Bad AI_biased machine learning

AI for Good – Security Issues, Dangers and Implications of Smart Information Systems

While recent innovations in the machine learning domain have improved a variety of computer-aided tasks, machine learning systems present us with new challenges, new risks, and new avenues for attackers. As such, researchers should consider how machine learning may shape our environment in ways that could be harmful.

Within the SHERPA project, Trilateral has been exploring the implications of attacks against Smart Information Systems and how they differ from attacks against traditional systems.

In their report, Security Issues, Dangers and Implications of Smart Information Systems, Trilateral and SHERPA project partners F-Secure and the University of Twente, explore how flaws and biases might be introduced into machine learning models, how machine learning techniques might, in the future, be used for offensive or malicious purposes, how machine learning models can be attacked, and how those attacks can presently be mitigated.

Results of this study have been presented by Andrew Patel (F-Secure) in a webinar on 11 March 2020, as part of the project’s webinar series.

Security Issues, Dangers and Implications of Smart Information Systems

 The report explores the implications of attacks against machine learning systems and how they differ from attacks against traditional systems, with a particular focus on:

  • Bad Artificial Intelligence (AI): ways in which machine learning systems are commonly mis-implemented (and recommendations on how to prevent this from happening)
  • Malicious use of AI: how artificial intelligence and data analysis methodologies might be used for malicious purposes
  • Adversarial attacks against AI: ways in which machine learning models and algorithms can be adversarially attacked (and mitigations against such attacks)

Bad AI

The capabilities of machine learning systems are often difficult for the layperson to grasp. Some people naively equate machine intelligence with human intelligence. As such, people sometimes attempt to solve problems that simply cannot (or should not) be solved with machine learning. Even knowledgeable practitioners inadvertently build systems that exhibit social bias due to the nature of the training data used.

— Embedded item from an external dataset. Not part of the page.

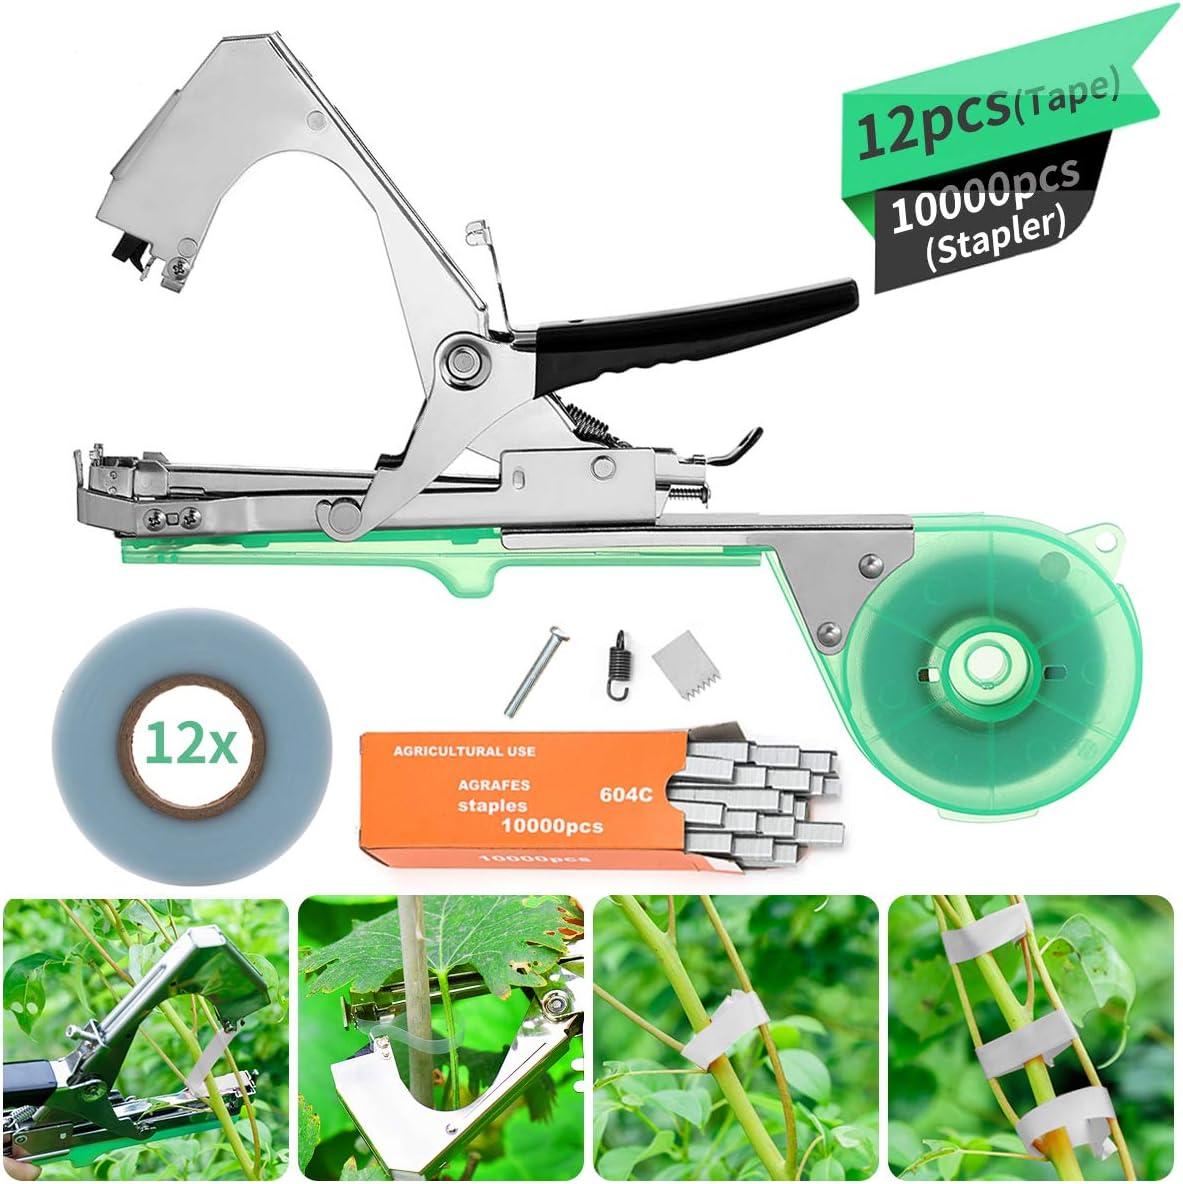 KING DO WAY kit de Herramientas, Mano Atado Cinta Máquina Agricultura Carpeta de Acero Inoxidable para la Encuadernación de Ramas para Planta Flores Frutas Verduras Vine

If a machine learning model is designed or trained poorly or used incorrectly, flaws may arise. Designing and training machine learning models is often a complex process, and there are numerous ways in which flaws can be introduced. Common flaws can be broken into three categories:

  • incorrect design decisions
  • deficiencies in training data
  • incorrect utilization choices

Malicious use of AI

The tools and resources needed to create sophisticated machine learning models have become readily available over the last few years. Powerful frameworks for creating neural networks are freely available, and easy to use. Public cloud services offer large amounts of computing resources at inexpensive rates. More and more public data is available, and cutting-edge techniques are freely shared.

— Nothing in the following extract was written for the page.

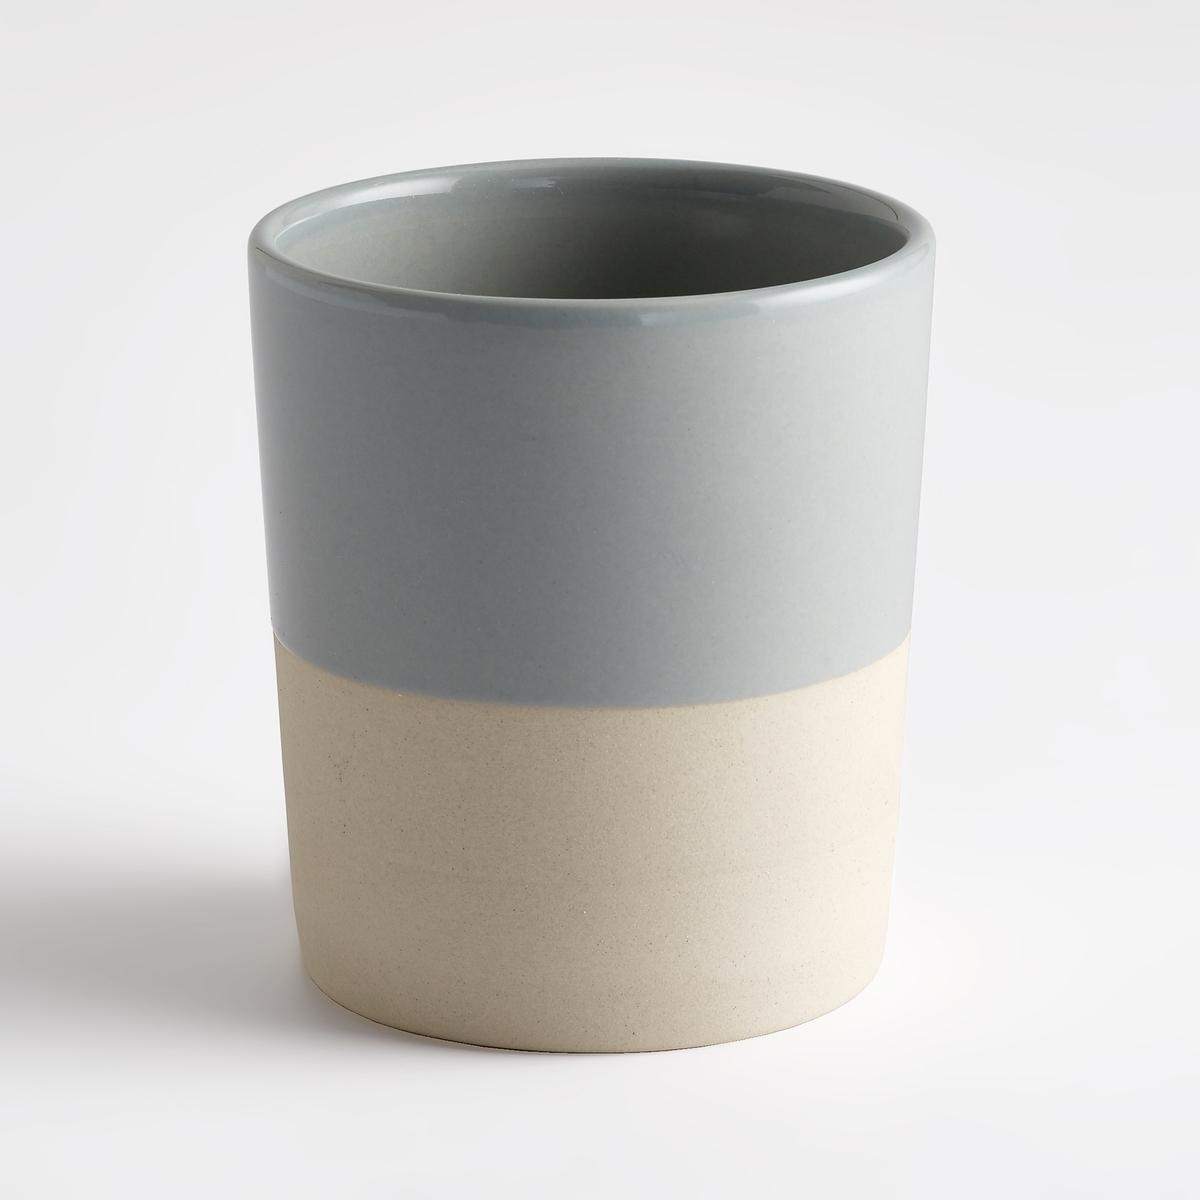 Комплект из 4 двухцветных чашек из керамики, WarotaЧашки Warota отличаются строгой и аутентичной формой и двухцветной контрастной расцветкой и сочетаются с любым стилем внутреннего декора.Характеристики 4 двухцветных чашек из керамики Warota :Из керамики. Дно из матовой керамики без глазури.Размеры 4 двухцветных чашек из керамики Warota :Диаметр. 8 x высота 9 см.Цвета 4 двухцветных чашек из керамики Warota :Керамика без глазури / розовый.Керамика без глазури / синий.Другие чашки и предметы декора стола вы можете найти на сайте laredoute.ru<br><br>Цвет: розовая пудра,синий<br>Размер: единый размер

Data analysis and machine learning methods are powerful tools that can be used for both benign and malicious purposes.

Organizations that are known to perpetuate malicious activity (cybercriminals, disinformation organizations, and nation-states) are technically capable enough to verse themselves with these frameworks and techniques and may already be using them.

Examples of potential malicious uses of artificial intelligence may include

  • intelligent automation
  • analytics
  • disinformation and fake news
  • phishing and spam
  • synthesis of audio, visual, and text content
  • obfuscation

Adversarial attacks against AI

As more and more important decisions are made with the aid of machine-learning-powered systems, it will become crucial for us to be able to explain how those models make decisions, understand whether flaws or biases exist in those models, and determine whether and to what extent the outputs of those models can be affected by attacks.

As human involvement in decision processes will continue to decline, it is only natural to assume that adversaries will eventually become interested in learning how to fool machine learning models.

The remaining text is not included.